Harvard Medical School (HMS) employees who were offered a lucrative severance package filed their official decisions about accepting retirement on Friday, and the results—which include the departure of head librarian of the Countway Medical Library—may complicate the school’s mission.
Though numbers will not be released until tomorrow morning, at least 15 HMS administrative employees will vacate their positions by next December as part of the school’s ongoing cost-cutting efforts.
The push to cut jobs comes in the midst of an initiative by HMS administrators to close a projected budget deficit for Fiscal Year 2006, according to Executive Dean for Administration Eric Buehrens.
As part of the early retirement deal, employees with seven or more years of service under their belts were offered an attractive severance package in February with the hope that unnecessary positions might be cut painlessly, without the implementation of involuntary layoffs.
Administrators at HMS said that it will remain unclear whether these layoffs will be necessary until they calculate the amount of money saved through the severance program.
The final deadline for employees to accept the package was last Friday, and several “work review groups” will now begin scrutinizing the vacated positions before deciding whether to eliminate or refill them, Buehrens said.

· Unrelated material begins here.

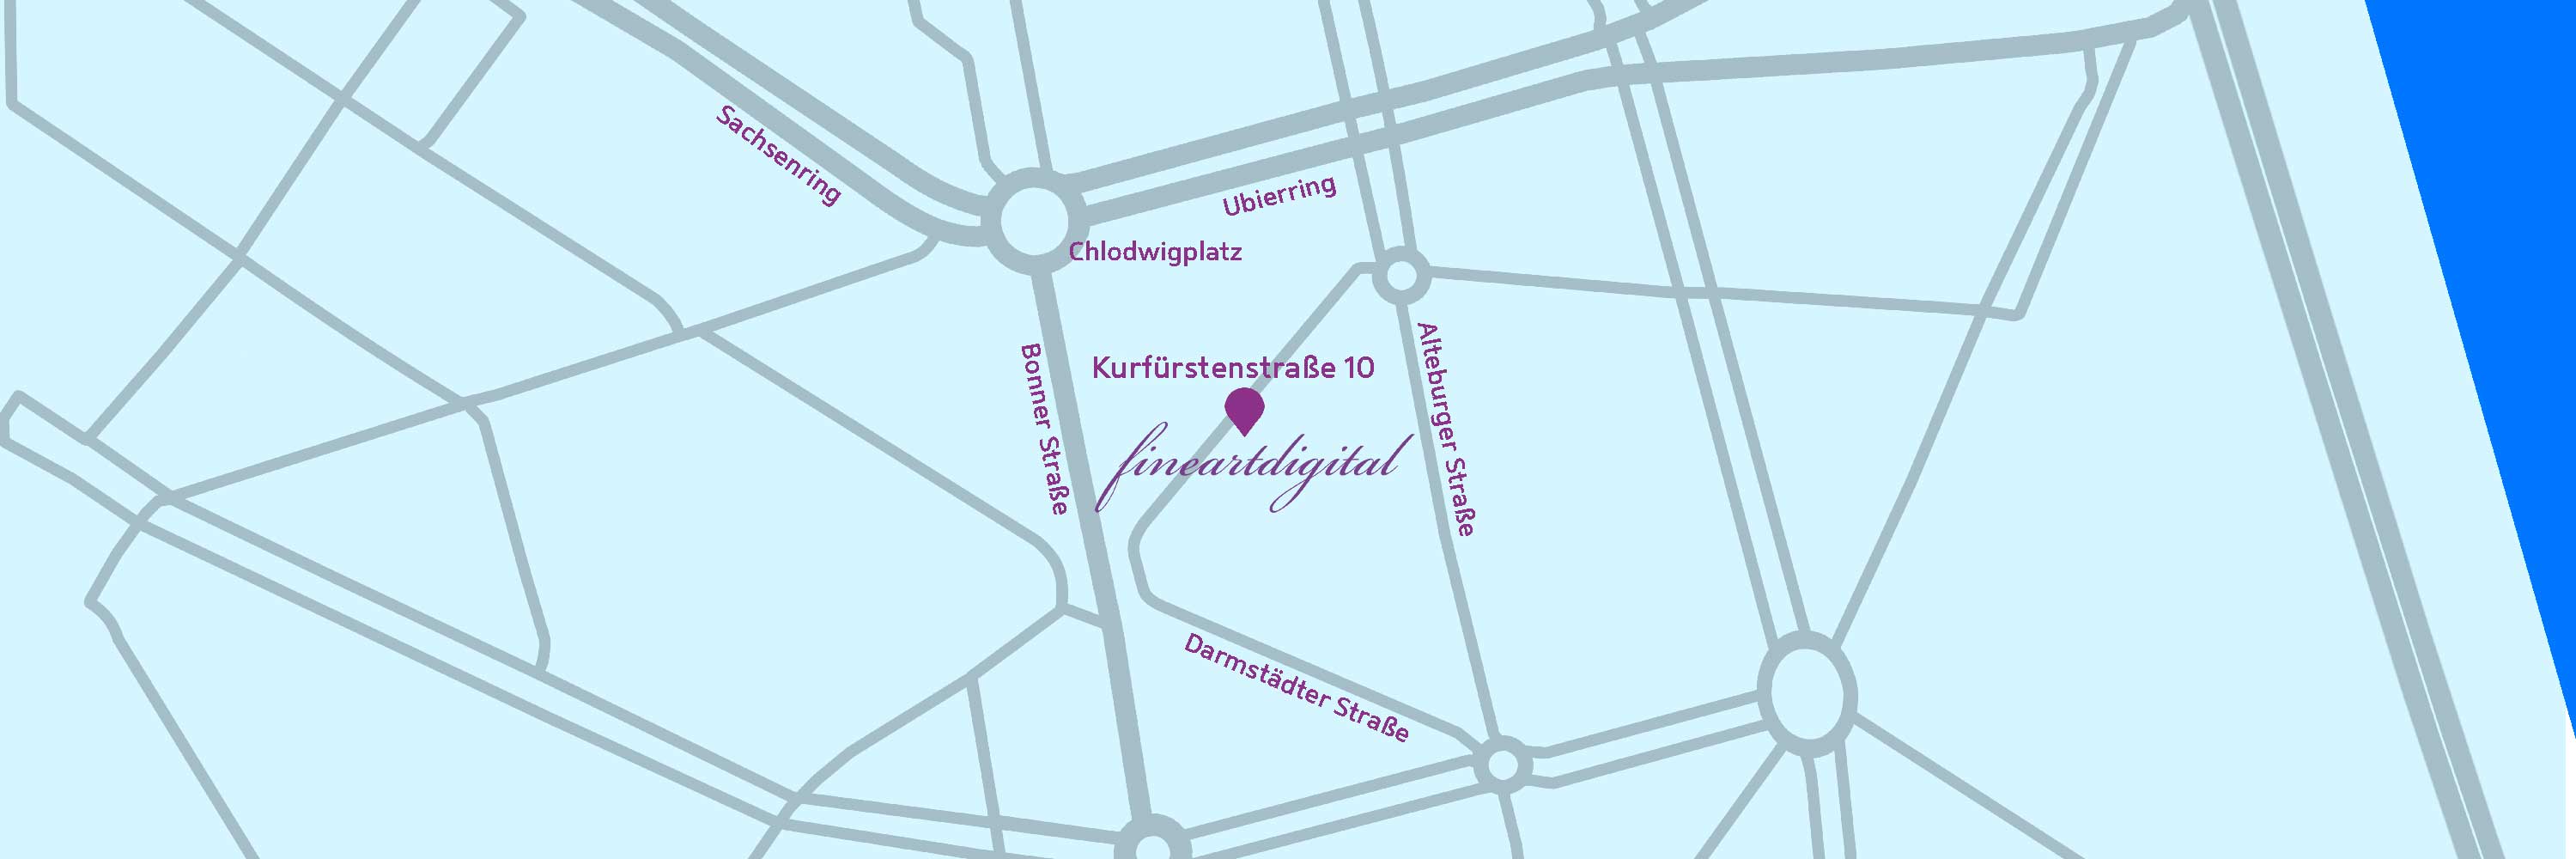 fineartdigital Anfahrskizze und Adresse: Kurfürstenstr. 10, 50678 Köln

“Are we going to lose some people that we absolutely don’t want to lose? Yes, it’s already happened,” said Buehrens, referring to employees in the expanding science department who have chosen to take the package. “We need to be thoughtful, effective and expeditious in replacing those people because we clearly don’t want to affect adversely the work of the science department.”
An HMS spokesperson said he could not comment until tomorrow as to how many people had elected to take the severance package.
But several high-profile decisions at the Countway Medical Library have already been made public.
Head librarian of Countway Judith Messerle wrote in an e-mail to all Countway staff that she would be retiring at the end of the calendar year.
“I made many lists of why I should and why I shouldn’t [retire early], and in the end decided that it was the best choice for me at this point in my life,” Messerle wrote.
In addition to Messerle, two other higher-ups at the financially troubled institution will also retire at the end of December, according to a Countway employee.
Messerle’s unofficial second-in-command, Associate Director for Administration and Finance Regina Corry, and the Associate Director for Technology Development and Services John Howard have both accepted the severance package, the Countway employee said.
In her e-mail, Messerle said that representatives from the work review groups had begun interviewing individuals at Countway in preparation for a preliminary report which is due later this week.
“I know that this is a tough time for everyone here (and around the Medical School), but I know that the Library will end up on its feet and will ultimately do well,” she wrote at the end of her e-mail.